Outside, the moon was visible, quite high in the east, across the road. Maybe 30° to 40°, but not keen enough to check with the rather good moon-date website at reference 6.
By now, past four o'clock, so no point in walking down to Stockwell.
So turned left to admire the Vauxhall skyscape, the building of which I believe was set in train by our fat leader during his stint as mayor. What was the Wheatsheaf, once a quiet public house, visible behind the bus stop left. Now the establishment where I first took baked oxtail: oxtail has not looked back since, as regular readers will know. I think the Holiday Inn right used to be a council building of some sort, then named for a famous black man, perhaps a cricketer.
What used to be the Builders' Arms or something like that, visible back right, now the Vauxhall Griffin (for the people who used to make cars) or something like that.
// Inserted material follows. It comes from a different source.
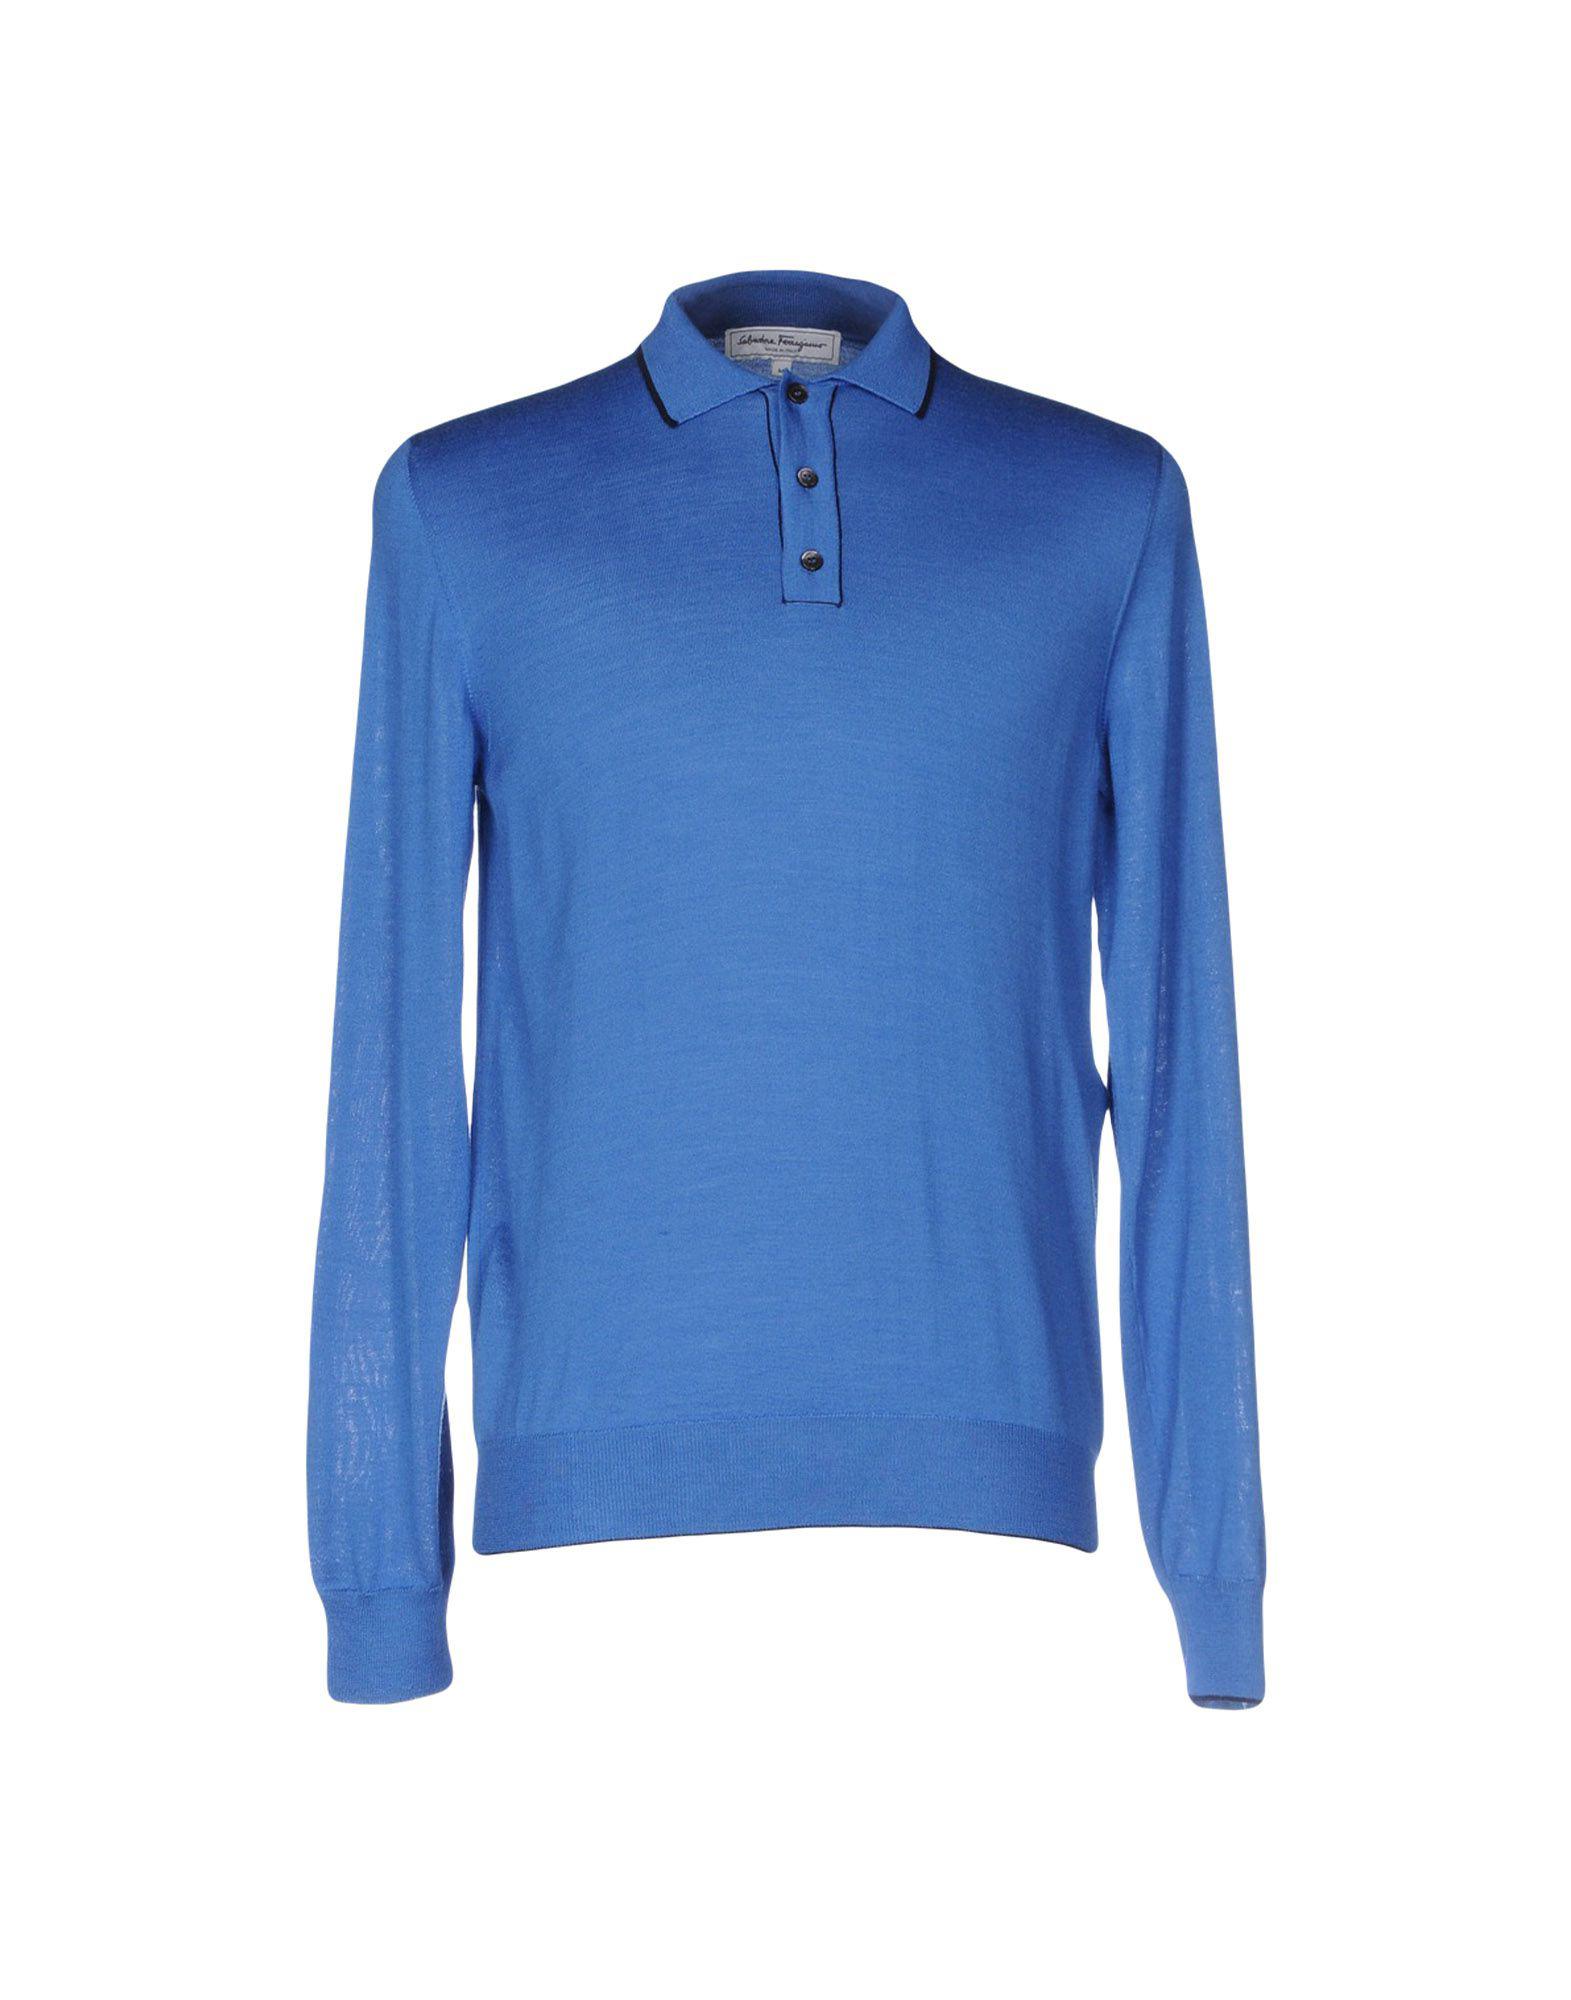 Lyst - Ferragamo Sweater in Blue

Apparently some sort of art work. Not clear whether the good people of Lambeth have paid for it, or whether it was extracted from the developer as a token of his appreciation to the planning people. A nearby young lady with shapely thighs wrapped in shiny black plastic didn't have a clue. While the telephone got into a dither and had to be rebooted, a process which, fortunately, only takes a minute or so.
Just missed an Epsom train at Vauxhall, so called in the Half Way House at Earlsfield to wait for the next one. Spot of Monkey Shoulder, complete with various finger prints. Just the one aeroplane from the platform. Seems like years since I was scoring threes there.
References
Reference 1: https://psmv5.blogspot.com/2021/09/abbey.html.
Reference 2: https://psmv4.blogspot.com/2021/06/breslau-drain-covers.html.
Reference 3: https://www.stockwellbaptistchurch.co.uk/.
Reference 4: https://www.cartuxa.pt/en/. I am told elsewhere that: 'Pêra Manca is a cult wine produced near Évora, in Alentejo. It has a long pedigree that is intertwined with the history of Portugal. Pedro Álvares Cabral took bottles of Pêra Manca in the voyage that resulted in the discovery of Brazil, in 1500. The wine continued to gather fame, wining gold medals in Bordeaux in 1879 and 1898, but its production ended with the death of the vineyard’s owner in 1920'. Resumed 1990.